Adam recalled to mind that from what Chuck had told him, Charlie's habit was to pull whenever pushed, and to push whenver pulled. Sensing that if he stayed longer, he might undo the good that was just done, Adam decided that it was time to go. He would let the Holy Spirit do His job.

"It's time for me to go," Adam said, standing up.

"I'll tell Daddy you're leaving," offered Charlie, going to her father's bedroom door. She peered in, only to find him asleep on the bed. "He's sleeping," Charlie reported, walking her visitor to the door.

"I'll talk to him later," said Adam. "And remember, you promised me to think about your salvation. I'll be praying for you." In spite of herself, Charlie smiled.

After going to the kitchen to get a drink, Charlie returned to her room. The "touchy-feely" book she had been reading, laid in the corner where she had tossed it. Charlie picked it up and fumbled to the page where she left off. Try as she might, she couldn't get her mind back into the story.

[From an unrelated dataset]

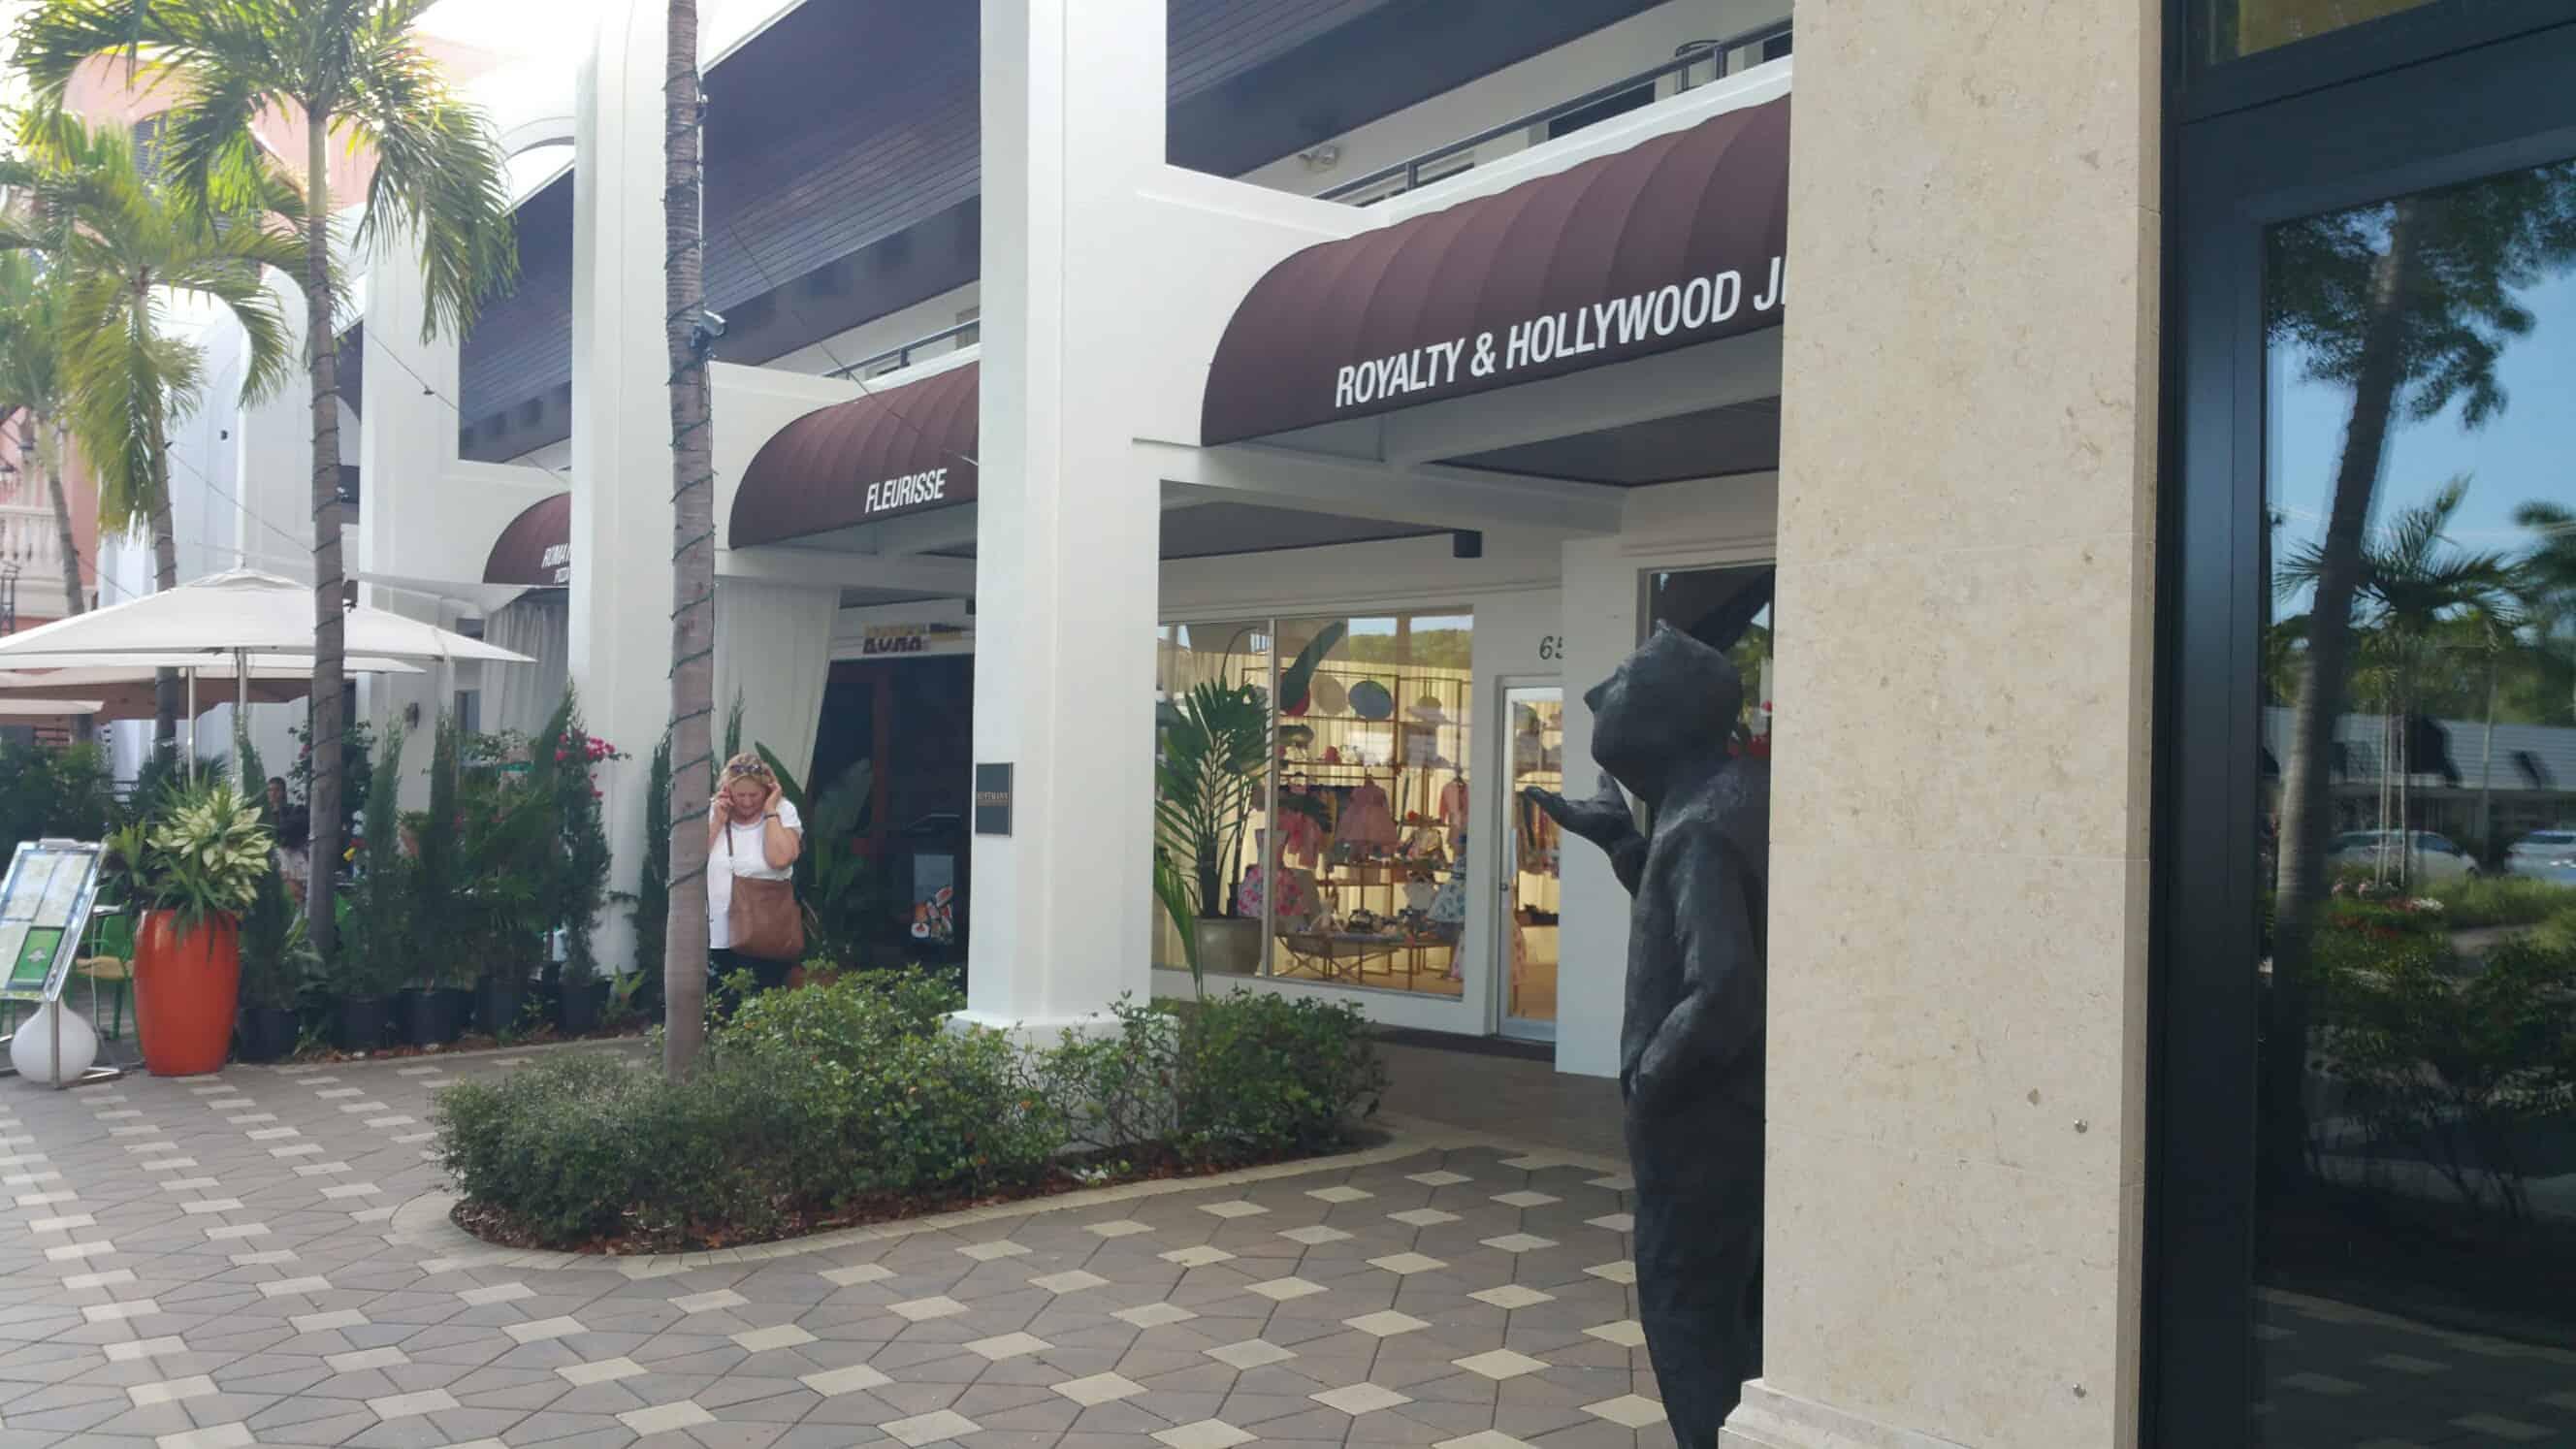 663 5th Avenue South – Prime Retail

"What a weird man," she thought. "I wonder how he got those scars on his hands."

Unbeknownst to Charlie, the doctors had told Adam there would be no scarring from his burns. However, when the bandages came off, it became quite apparent that they were wrong. All Adam had to do was to glance at his hands, and he remembered the one young girl he couldn't save.

The emotion of witnessing to his daughter had so fatigued Chuck's mind, that he decided to ride out the episode, unconsciously. When he awoke, two hours later, a wave of nausea swept over him. He tried to get to his feet, but the room suddenly whirled around him, so that he had to quickly retreat to his bed. Chuck was tempted to call for help, but wasn't sure if he should. Maybe this would soon pass. He hated to trouble anyone unnecessarily, but the nausea and dizziness continued.

"Mom," Chuck called out, trying to compose his voice in an even tone, so none would suspect him of needing help, "are you there?" The house remained quiet. As the dizziness and nausea grew steadily worse, Chuck determined that he must make it to the bathroom. He didn't know how much longer he could keep it down. "Mom?" he called again, this time his voice betraying that this was indeed, an emergency. Deciding that his Mom wasn't home, Chuck finally called for Charlie. To his surprise, no one answered. He was alone.